We will apply transformations on the dataset.

In [8]:
def preprocess(df):
    df = df.copy()
    
    def normalize_name(x):
        return " ".join([v.strip(",()[].\"'") for v in x.split(" ")])
    
    def ticket_number(x):
        return x.split(" ")[-1]
        
    def ticket_item(x):
        items = x.split(" ")
        if len(items) == 1:
            return "NONE"
        return "_".join(items[0:-1])
    
    df["Name"] = df["Name"].apply(normalize_name)
    df["Ticket_number"] = df["Ticket"].apply(ticket_number)
    df["Ticket_item"] = df["Ticket"].apply(ticket_item)                     
    return df
    
preprocessed_train_df = preprocess(train_df)
preprocessed_test_df = preprocess(test_df)

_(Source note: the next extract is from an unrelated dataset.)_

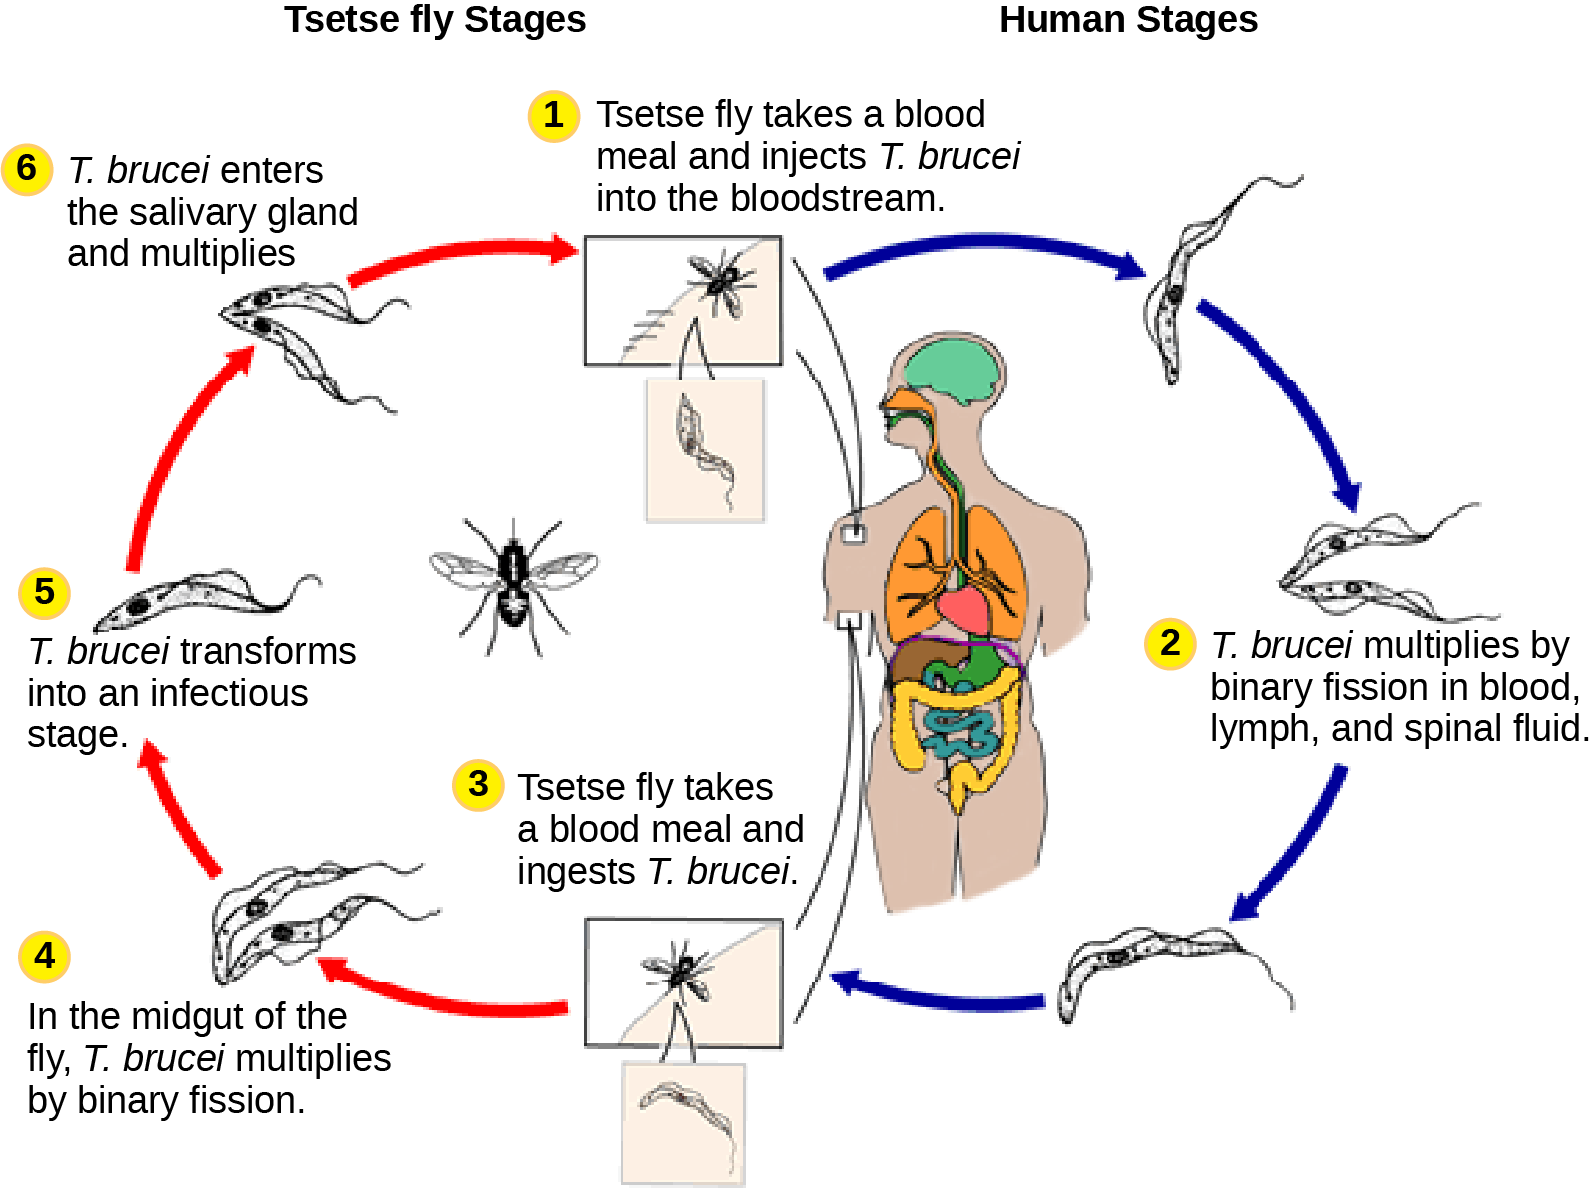 The life cycle of T brucei begins when the tetse fly takes a blood meal from a human host, and injects the parasite into the bloodstream. T brucei multiplies by binary fission in blood, lymph and spinal fluid. When another tsetse fly bites the infected person, it takes up the pathogen, which then multiplies by binary fission in the flys midgut. T brucei transforms into an infective stage and enters the salivary gland, where it multiplies. The cycle is completed when the fly takes a blood meal from another human.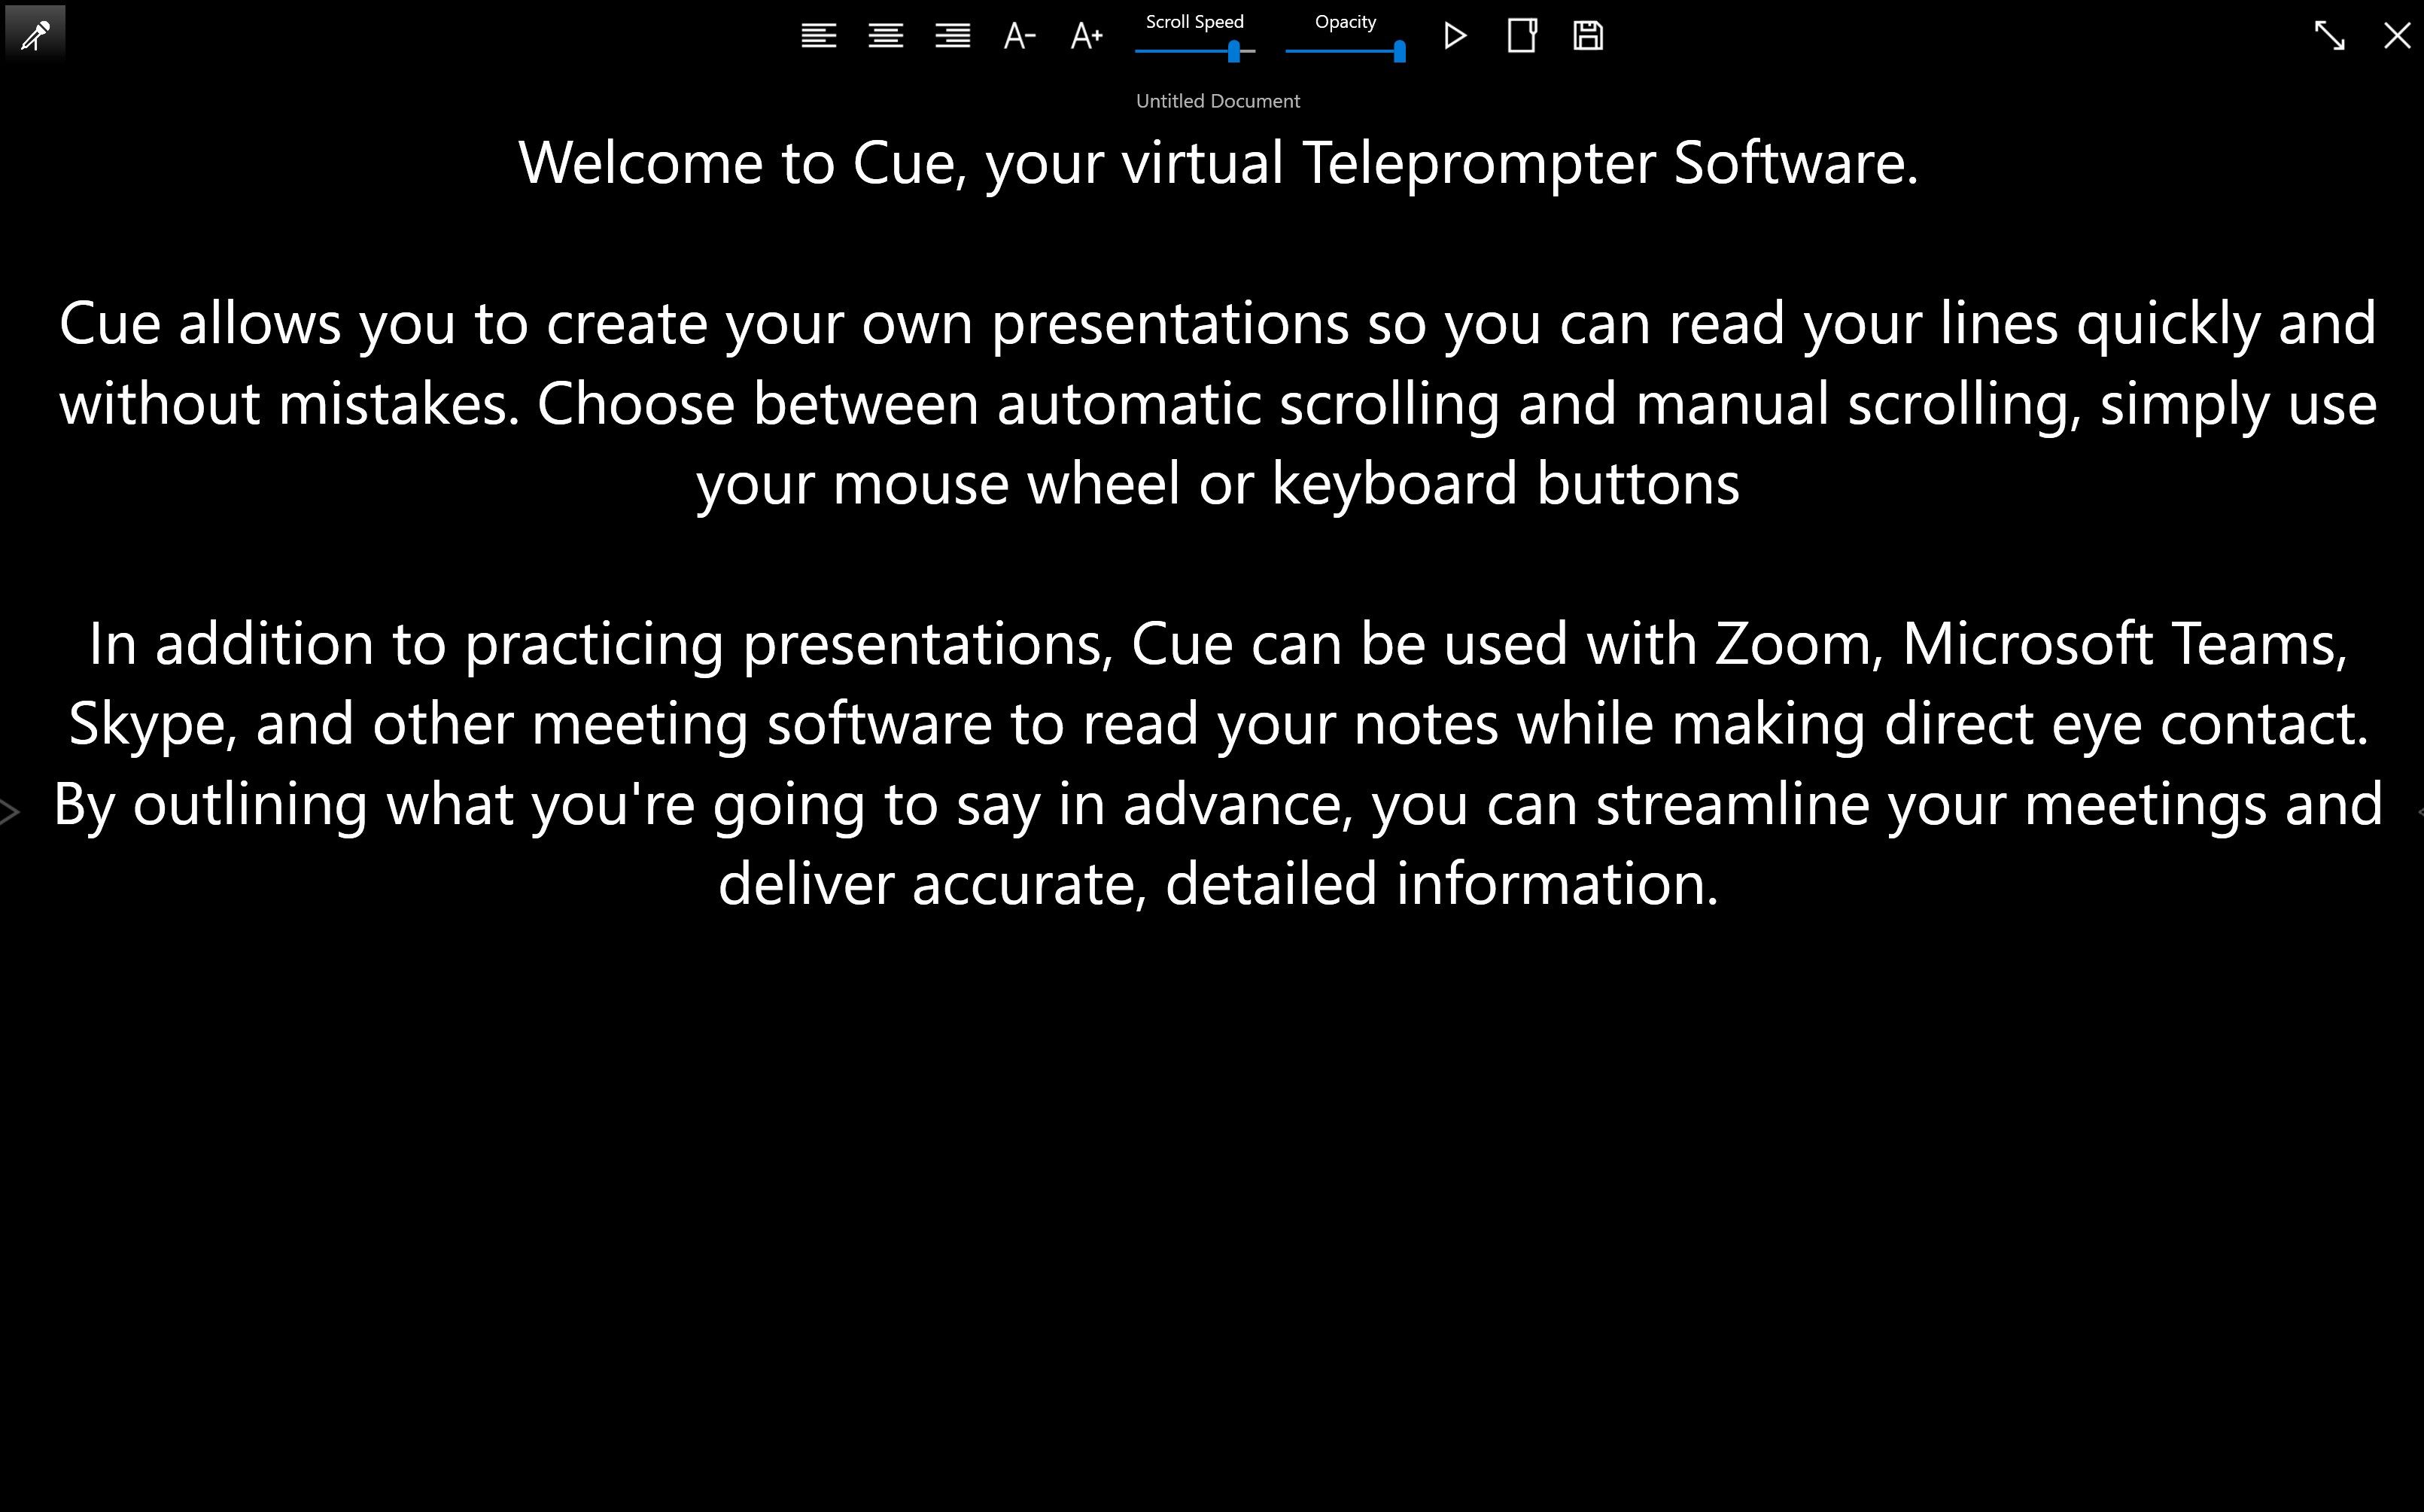 Cue - Easy Virtual Teleprompter

preprocessed_train_df.head(5)

Unnamed: 0,PassengerId,Survived,Pclass,Name,Sex,Age,SibSp,Parch,Ticket,Fare,Cabin,Embarked,Ticket_number,Ticket_item
0,1,0,3,Braund Mr Owen Harris,male,22.0,1,0,A/5 21171,7.25,,S,21171,A/5
1,2,1,1,Cumings Mrs John Bradley Florence Briggs Thayer,female,38.0,1,0,PC 17599,71.2833,C85,C,17599,PC
2,3,1,3,Heikkinen Miss Laina,female,26.0,0,0,STON/O2. 3101282,7.925,,S,3101282,STON/O2.
3,4,1,1,Futrelle Mrs Jacques Heath Lily May Peel,female,35.0,1,0,113803,53.1,C123,S,113803,NONE
4,5,0,3,Allen Mr William Henry,male,35.0,0,0,373450,8.05,,S,373450,NONE


In [9]:
input_features = list(preprocessed_train_df.columns)
input_features.remove("Ticket")
input_features.remove("PassengerId")
input_features.remove("Survived")
#input_features.remove("Ticket_number")

print(f"Input features: {input_features}")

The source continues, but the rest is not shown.